Farmer puts Zanu PF laws to court test

Augustine Mukaro


A DISPOSSESSED white landowner is suing President Robert Mugabe in yet another test case of laws hastily promulgated to facilitate land seizures.

In an application to the High Court, Alexander Stuart Ross is seeking an order to compel Mugabe to rev

erse the acquisition of his property by government, arguing that the land — Gletwyn Farm — is part of Harare.

The papers filed on March 8 cite Mugabe as the first respondent and 10 others, including ministers and other high-ranking government officials, as respondents.

The government’s Land Acquisition Act and Constitutional Amendment Act No 17 passed last year exempt municipal land from seizure by the state under the land reform programme.

According to Ross, Gletwyn, which is registered in his name, was incorporated into the Harare municipal area by Statutory Instrument 41 of 1996.

Gletwyn has been targeted for acquisition since 2002 with a flurry of Zanu PF-inspired invading groups moving in to grab the prime property.

First it was the Sally Mugabe Housing Cooperative, before government seized the property in November 2004 and gave it to Divine Homes to subdivide into low-density residential stands.

Police Heights Housing Cooperative earlier this year invaded the farm, forcibly evicting more than 200 people on the pretext of developing residential stands for senior law enforcement officers.

Divine Homes, a private land developer chaired by Deputy Finance minister David Chapfika, has already started work, subdividing Gletwyn into 600 residential stands.

Ross argues in the court papers that it was illegal for the government to acquire Gletwyn because the Land Acquisition Act upon which it based its actions does not permit the state to acquire municipal land for purposes of redistribution.

“A piece of land under municipal area cannot be acquired under the provisions of the Land Acquisition Act applicable to agricultural land, as all land within any municipal area is expressly excluded from such provisions,” Ross states in his papers.

Section 2, Chapter 20:10 of the Act stipulates that “agricultural land required for resettlement purposes” means any rural land the acquisition of which is reasonably required for resettlement purposes and which is identified in a preliminary notice as being required for those purposes. Rural land means any land other than land which is in a municipal area or local government area.

Last August’s constitutional amendment bans citizens from contesting  court seizure of their land by the state but it also makes it clear that   government can only take farmland for purposes of resettlement.

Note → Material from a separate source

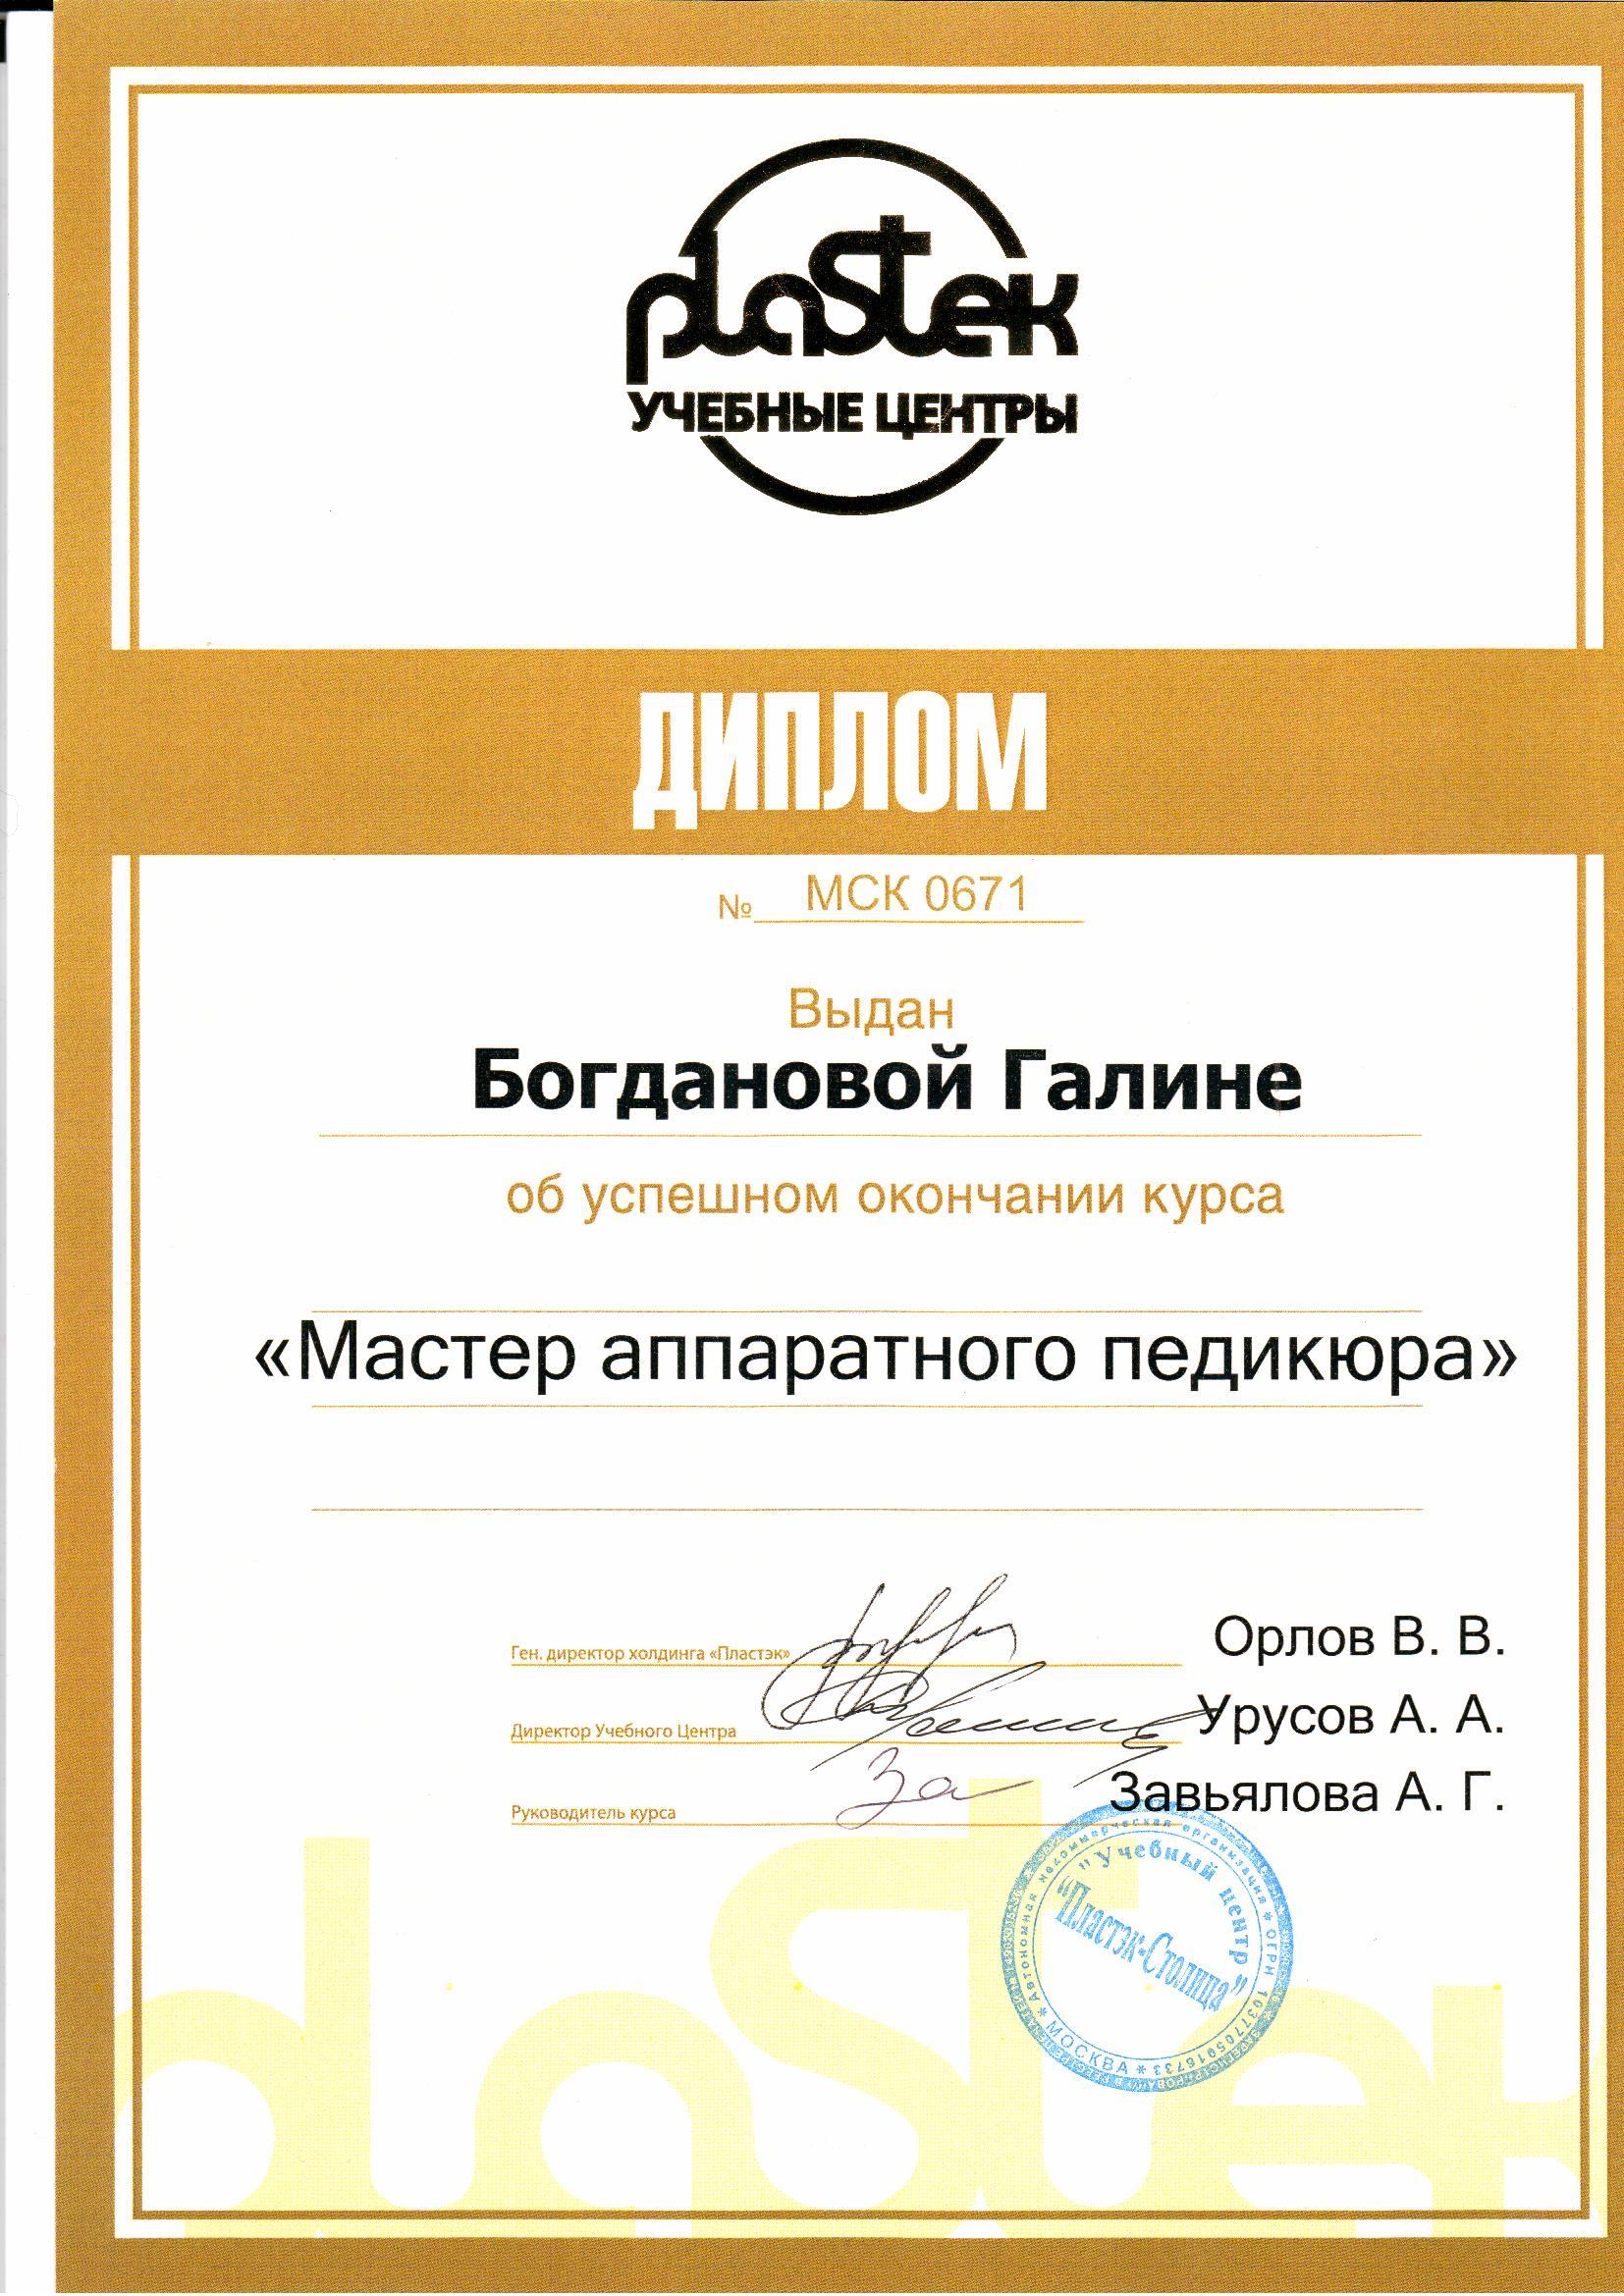 2013 Мастер аппаратного педикюра
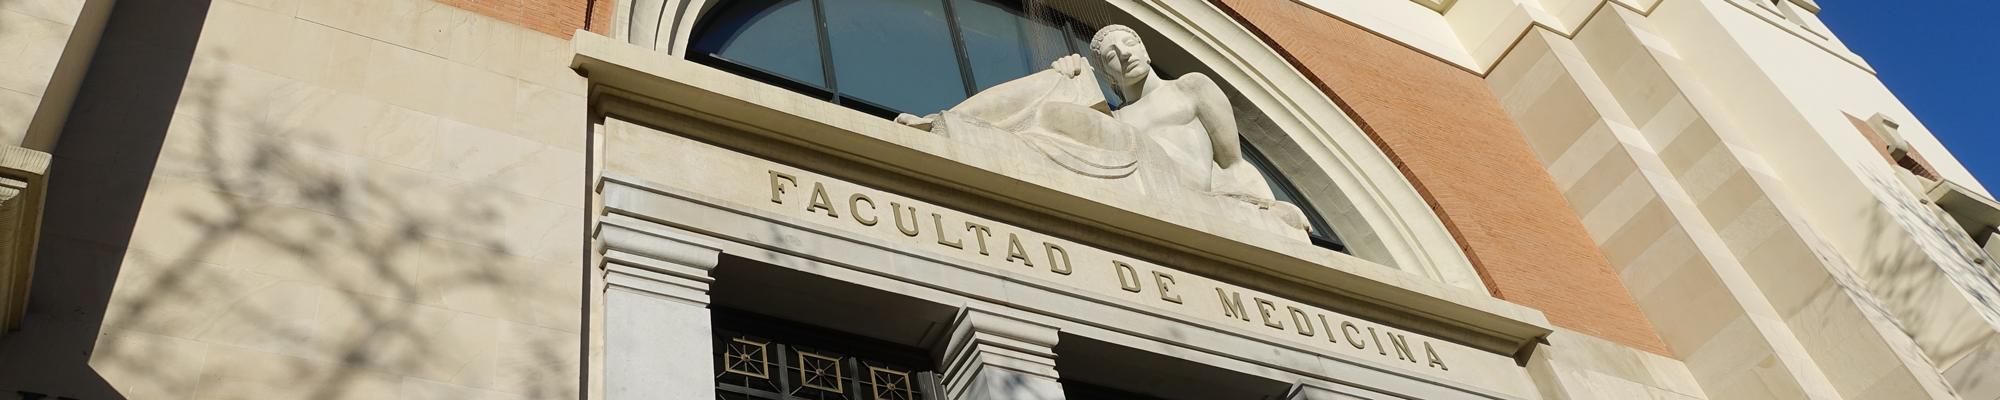 Facultad de Medicina y Odontología Universitat de València

“If the state were to start seizing urban land by ‘selective nationalisation’, it is possible the property market, upon which the state depends for many revenues and many people depend for their livelihoods, would collapse,” Ross said in the court application.

Respondents in the application include Lands, Land Reform and Resettlement minister Didymus Mutasa, Chapfika, Local Government minister Ignatious Chombo, Agriculture minister Joseph Made, Police Commissioner Augustine Chihuri, and Reserve Bank of Zimbabwe governor Gideon Gono.

Gono, who has strongly spoken against land seizures, is named as a respondent because he allegedly financed the unauthorised subdivision of Gletywn by Divine Homes.